EXCL dan ISAT Siap Memindahkan Kanal



JAKARTA. PT XL Axiata dan PT Indosat telah menyiapkan anggaran untuk melakukan migrasi kanal 3G pada frekuensi jaringan 2,1 GHz. Hal ini merupakan tindak lanjut dari proses penataan ulang kanal 3G oleh pemerintah.

Hasnul Suhaimi, Presiden Direktur XL Axiata memperkirakan, biaya yang diperlukan untuk migrasi blok tidak banyak dengan berkaca pada pengalaman tahun 2009 lalu. "(Biayanya) kurang dari Rp 10 miliar," kata dia, Jumat (3/5).

XL tidak perlu mengeluarkan tambahan dana untuk memasang filter. Pasalnya, tidak ada base transceiver station (BTS) XL yang berhadapan dengan operator lain. Menurut Hasnul, biaya pemindahan blok ini diambil dari belanja modal EXCL tahun ini yang sebesar Rp 8 triliun hingga Rp 9 triliun.


Sekedar mengingatkan, pada 2009 lalu, XL memperoleh alokasi frekuensi 3G tambahan kedua di blok 10. Agar daya pancar jaringan semakin bagus, emiten berkode saham EXCL ini memindahkan frekuensi dari blok 6 ke blok 9.

Sehingga, kanal XL di frekuensi 3G pun berdampingan, yaitu blok 9 dan blok 10. Setelah menang beauty contest 3G di frekuensi 2,1 GHz, XL mendapatkan tambahan kanal di blok 12. Nah, pada penataan ulang, pemerintah memindahkan XL ke blok 8, 9, dan 10.

Sementara itu, Alexander Rusli, Presiden Direktur Indosat mengatakan, pihaknya telah menyiapkan US$ 12 juta untuk migrasi blok 3G. Ia akan menggunakan dana itu untuk pemasangan filter agar tidak terjadi interferensi dan tuning.
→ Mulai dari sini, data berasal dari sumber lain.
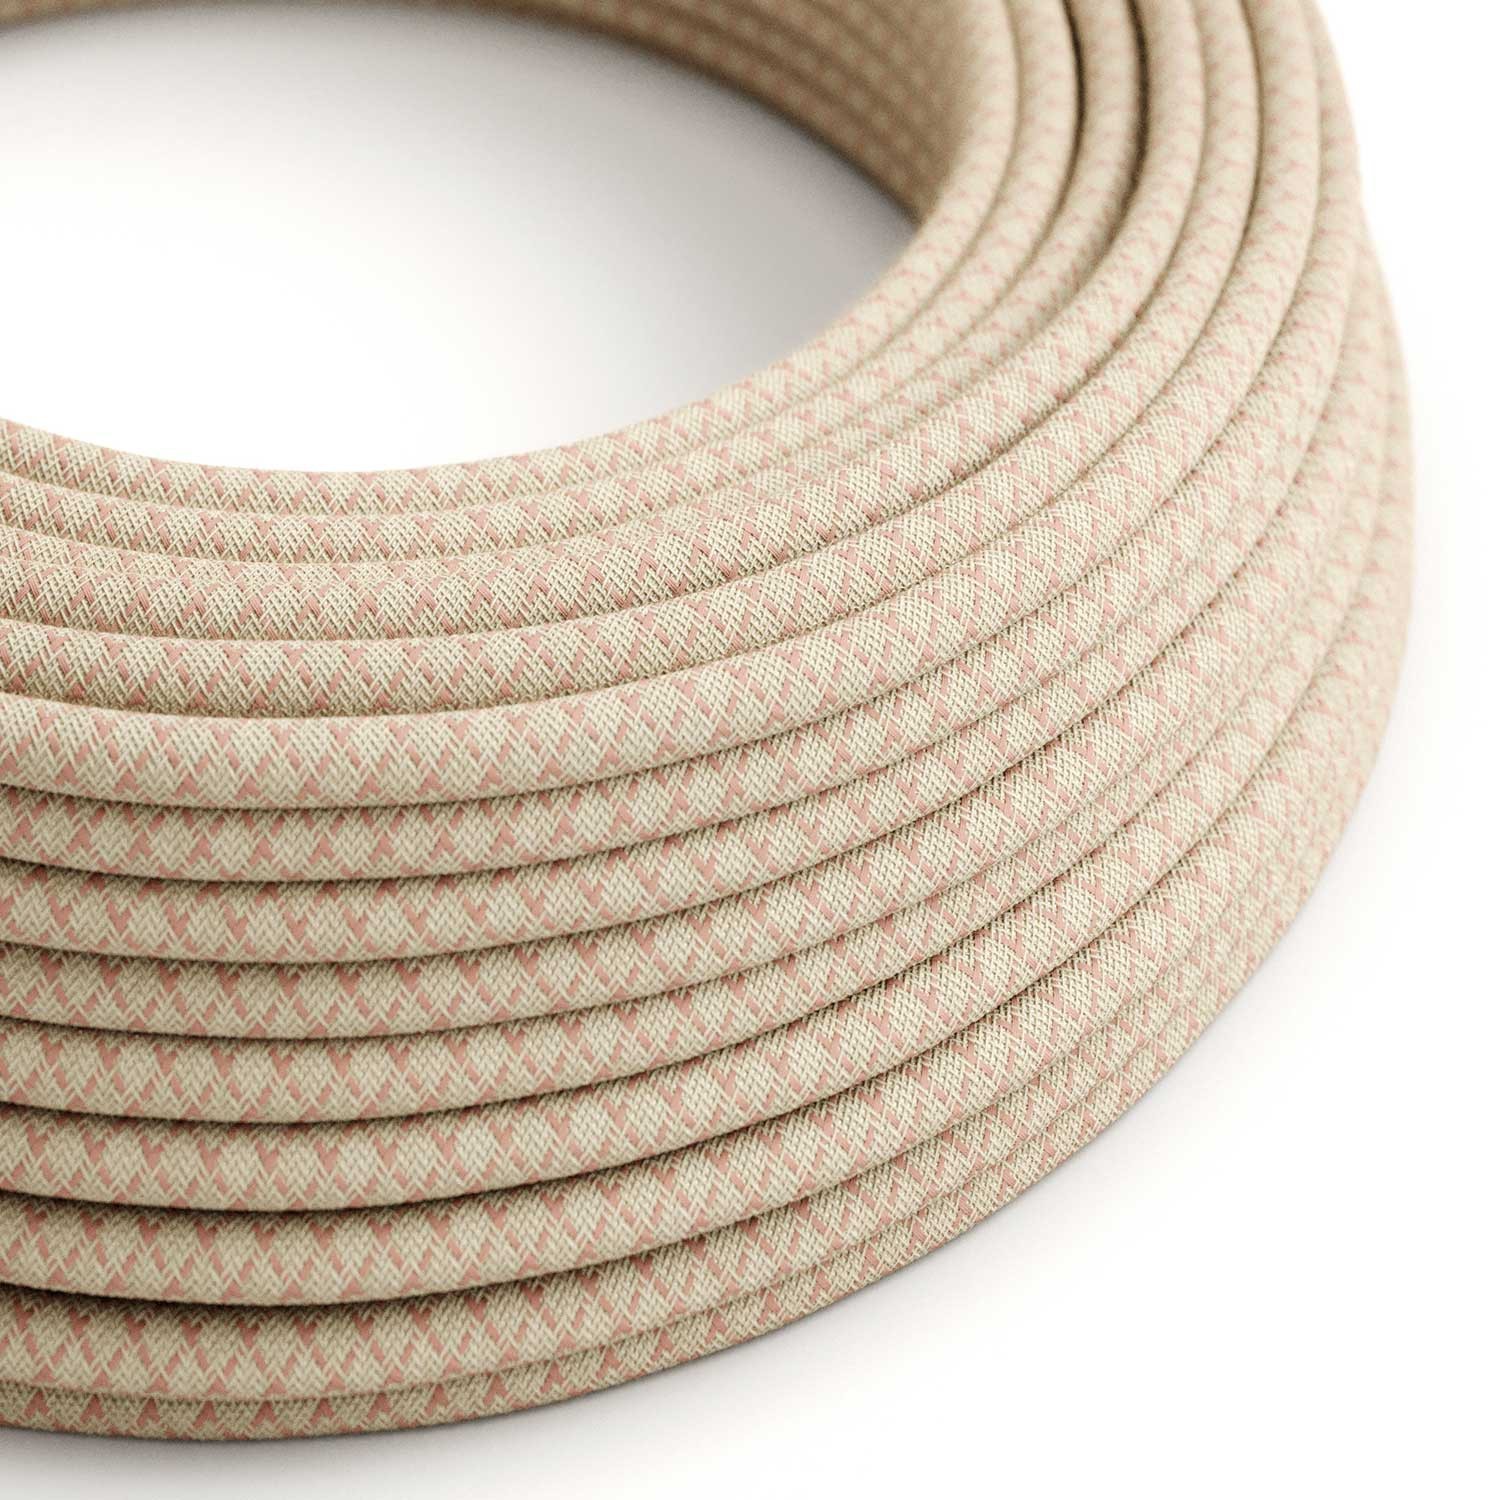 Textilkabel, altrosa-beige, Rautenmuster - Das Original von Creative-Cables - RD61 rund 2x0.75mm / 3x0.75mm

Maklum, ada BTS Indosat yang saling berhadapan dengan operator lain. Sehingga, operator berkode saham ISAT ini perlu memasang filter supaya jaringan bersih dari interferensi. Alex memperkirakan, migrasi kanal 3G ini akan memakan waktu tiga bulan. Namun, jika migrasi mendekati bulan puasa, menurut dia, proses ini lebih baik diundur.